There are very few people who don't recognize the name, Lizzie Borden, or what she was suspected of doing in 1892.

On June 20, 1893, after only ninety minutes deliberating a jury acquitted Lizzie Borden of the double ax murder of her father and stepmother. considered one of the most famous murders in history, Lizzie's life, trial, and death has been explored more than a few times.

After being acquitted, Lizzie and her sister Emma moved to a three-story mansion she named Maplecroft in Fall River, Massachusetts, and despite being the most unpopular resident would live out the remaining days of her life in this enormous Victorian home until she fell ill and passed away on June, 1st, 1927 of pneumonia.

Life in Fall River seemed to just continue for Lizzie Borden after the double homicide of her father and stepmother for which she was suspected, tried, and acquitted for.
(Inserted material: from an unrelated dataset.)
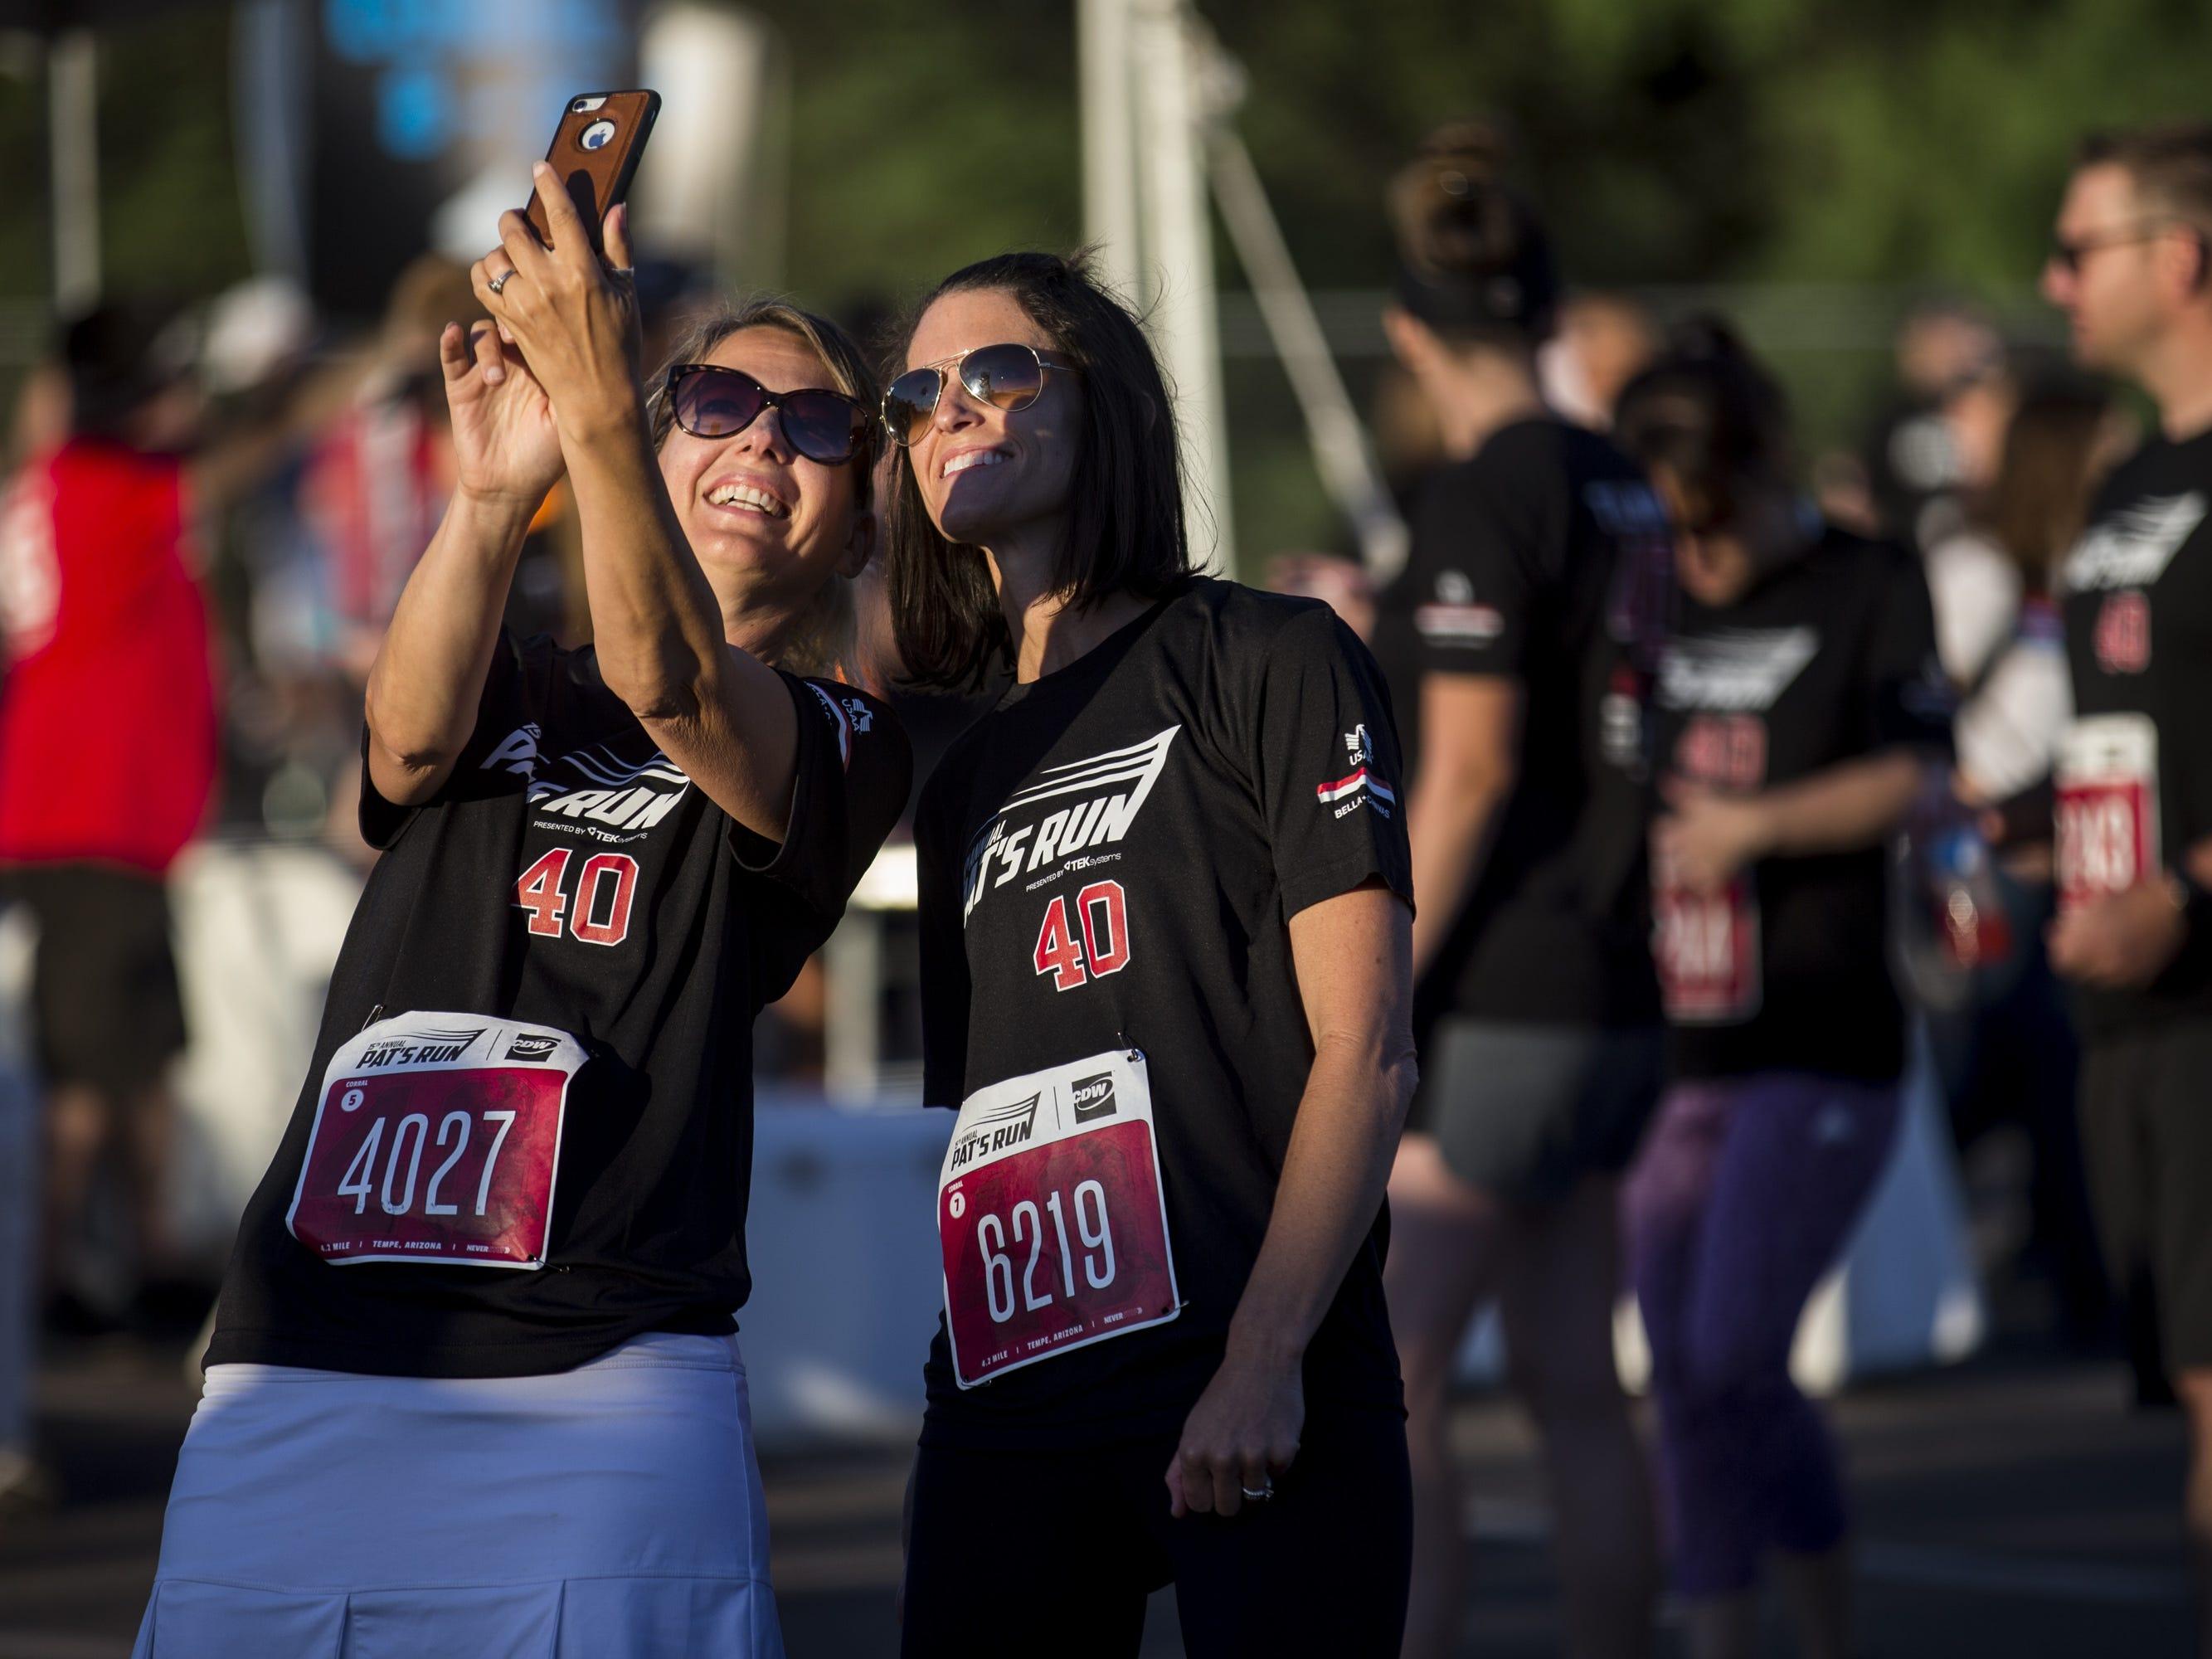 Participants take photos before the 15th Annual Pat's Run on Saturday, April 27, 2019, in Tempe, Ariz.

Despite public speculation surrounding the case and court proceedings, Lizzie was pretty active in her community, especially towards animal causes.




Many believe it to be haunted, and one spirit is supposedly that of Lizzie Borden herself. Maplecroft, like Lizzie, and the countless legends surrounding her, has become a fascination of sorts among paranormal enthusiasts and history buffs alike.

Thanks to modern technology, anyone, anywhere can visit and walk the halls of Maplecroft virtually, you can do so HERE for free.

As of this writing, Maplecroft appears to be back on the market for $890,000. It was previously planned that the mansion would serve as another Lizzie Borden bed & breakfast or attraction, in an addition to the well-established Lizzie Borden Bed and Breakfast Museum, housed in the victorian style home where the double homicide took place in 1892.